*** MATERIAL SHOWN Section Begins ***
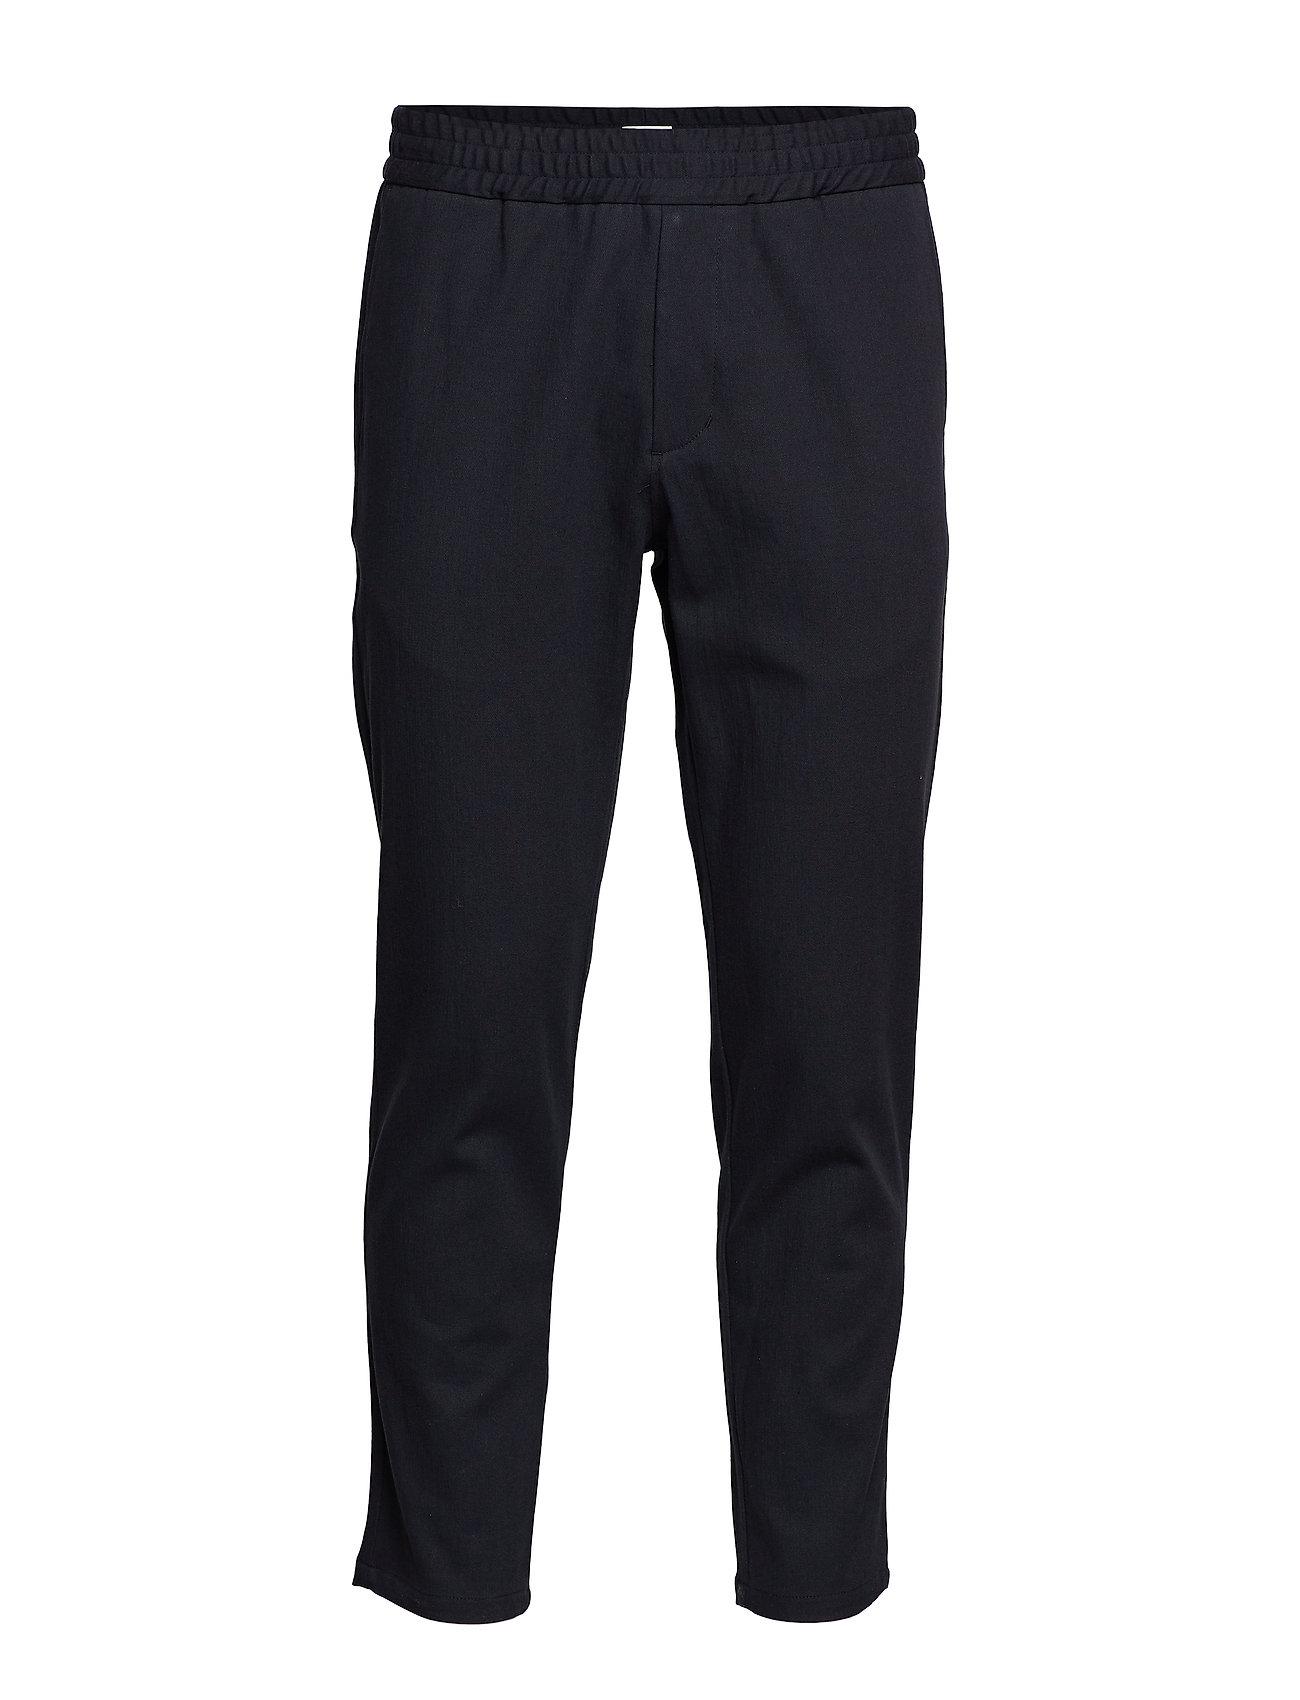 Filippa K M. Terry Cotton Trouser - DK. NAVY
*** MATERIAL SHOWN Section Ends ***
*** MATERIAL SHOWN Section Begins ***
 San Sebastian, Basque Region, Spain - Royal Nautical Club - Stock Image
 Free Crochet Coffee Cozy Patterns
*** MATERIAL SHOWN Section Ends ***
*** MATERIAL SHOWN Section Begins ***
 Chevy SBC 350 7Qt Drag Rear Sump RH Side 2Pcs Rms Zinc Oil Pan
*** MATERIAL SHOWN Section Ends ***
REQUIREMENT
Using only the listing above, restate exactly the lines from the line containing "San Sebastian, Basque" through the line containing "Free Crochet Coffee Cozy Patterns", both included.

EXERCISE OUTPUT
 San Sebastian, Basque Region, Spain - Royal Nautical Club - Stock Image
 Free Crochet Coffee Cozy Patterns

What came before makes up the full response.